The seventh is visual. Visual learners are doodlers and artists and everything in between. They have a keen understanding of colour and lines. Pictures, images, and art appeal to them. The visual learner enjoys painting, graphing, and creating maps. Drawing charts, creating diagrams, using colours, and spatial relationships gives understanding to the lessons they are learning. A home-schooling parent can incorporate visual elements liberally across subjects to support these learners.
Physical, intrapersonal, interpersonal, linguistic, mathematical, musical, and visual
Physical/kinesthetic: think best while moving. Intrapersonal: shy, introverted, focus best independently. Interpersonal: social, group-oriented, cooperative. Linguistic: language-loving, always with a book, enjoy speeches. Mathematical: thrive in logic, follow rules, understand patterns. Musical: feel musically, link music to mathematics in time. Visual: doodlers, artists, understand through pictures and colour. A child’s style might be one of these or a mix of two or more.
Identifying the child’s style
These are the general learning styles; home-schooling parents need to identify which style or styles best fit their particular child. A child’s learning style might be one of these styles or a mix of two or more. The mixing is common; many children show preferences across multiple styles, and the combinations vary.

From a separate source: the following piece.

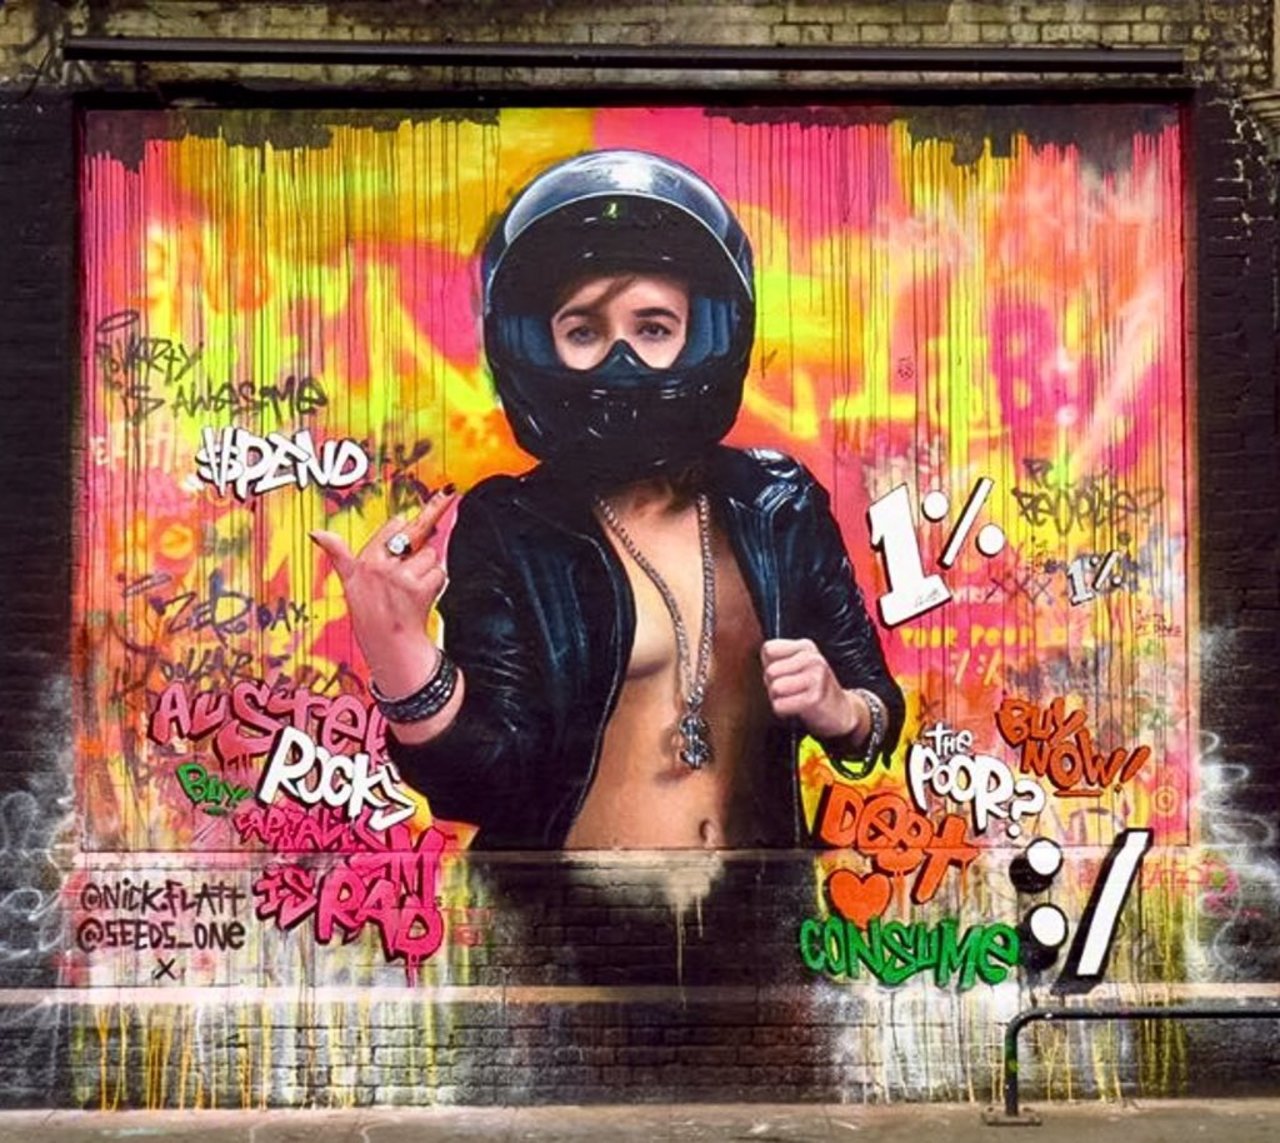 RT @streetartnow: Really like this #streetart from nick flat & seeds1 in #London Very cool! #graffiti #art #urbanart https://t.co/lKDlB6pS0s
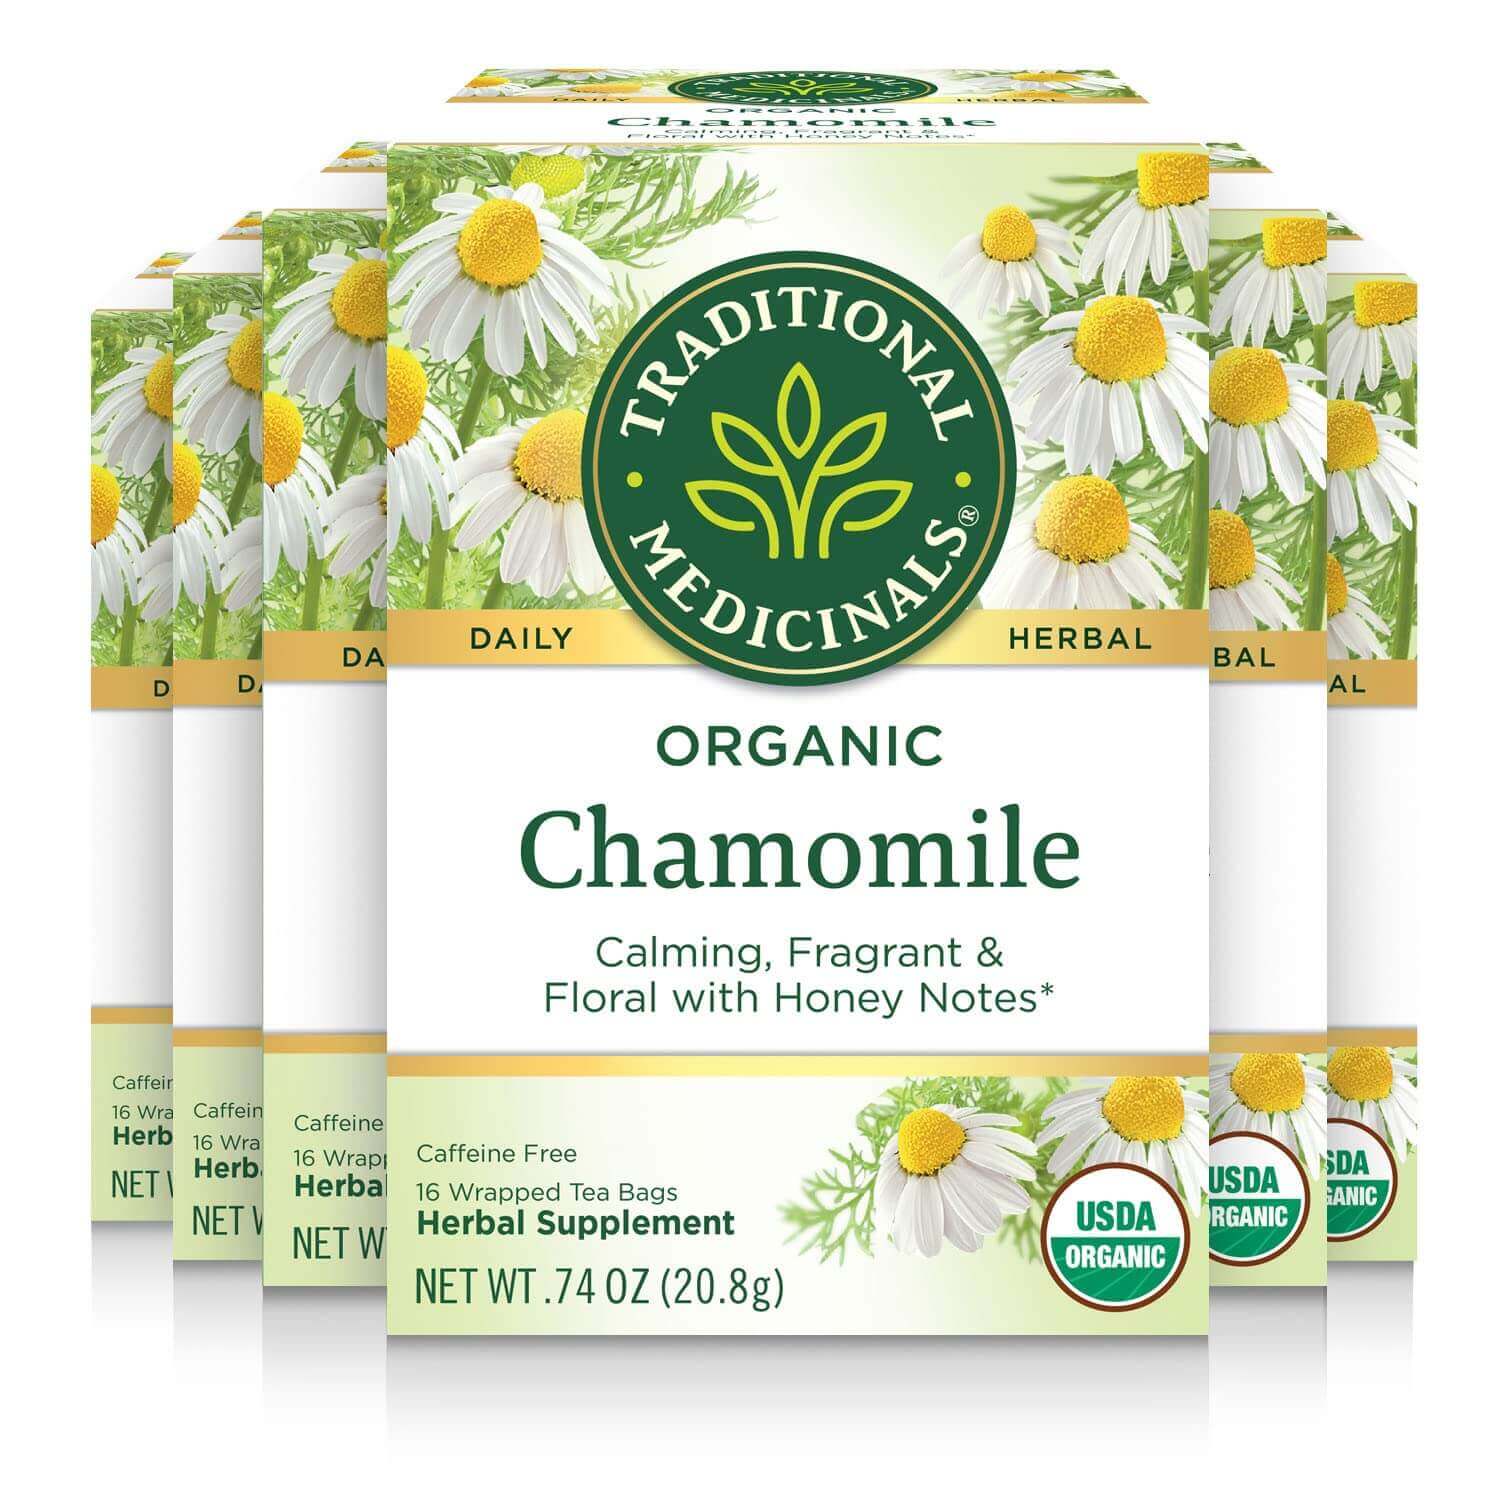 Amazon’s Best Selling Chamomile Tea: Traditional Medicinals Organic Chamomile

By identifying the learning style or styles that best suit a child, parents possess the information that allows them to proactively find the methodologies to help the child on the path of successful learning. The identification is not a one-time event; the parent watches how the child engages with different kinds of material, what they enjoy, what they avoid, what they remember, what they struggle with. Over time, a pattern emerges.
Often, children struggle in the conventional classroom, and the teacher is unable to identify the reasons because they have many children to teach. A teacher with thirty students cannot give each one the individual attention needed to identify a learning-style mismatch. The struggle gets diagnosed as a problem with the child (insufficient effort, learning disability, behavioural issue) when it may actually be a problem with the teaching mode not matching the child’s style.
By undertaking their child’s education themselves, parents are in a better position to identify the learning style and find activities, or a combination of activities, that may work well with that child’s individual style. The parent has more time with the child, more chances to observe, more flexibility to try different methods. The identification work that a conventional school cannot do, a home-schooling parent often can.
Home-schooling parents need to be able to understand what method of learning best fits the needs of their child: whether they learn by writing down facts, by drawing images, by talking about scenarios, by physical activity, or by some combination. The practical understanding is what enables the matched teaching that the learning-style philosophy calls for.
Through ongoing observation of how the child engages with different kinds of material, what they enjoy, what they avoid, what they remember
The identification is not a one-time event; the parent watches over time, and a pattern emerges. A child’s style might be one of the seven or a mix of two or more. A conventional teacher with thirty students cannot do the individual observation needed; a home-schooling parent has more time, more chances to observe, and more flexibility to try different methods. The practical understanding (does this child learn by writing, drawing, talking, or doing?) is what enables the matched teaching.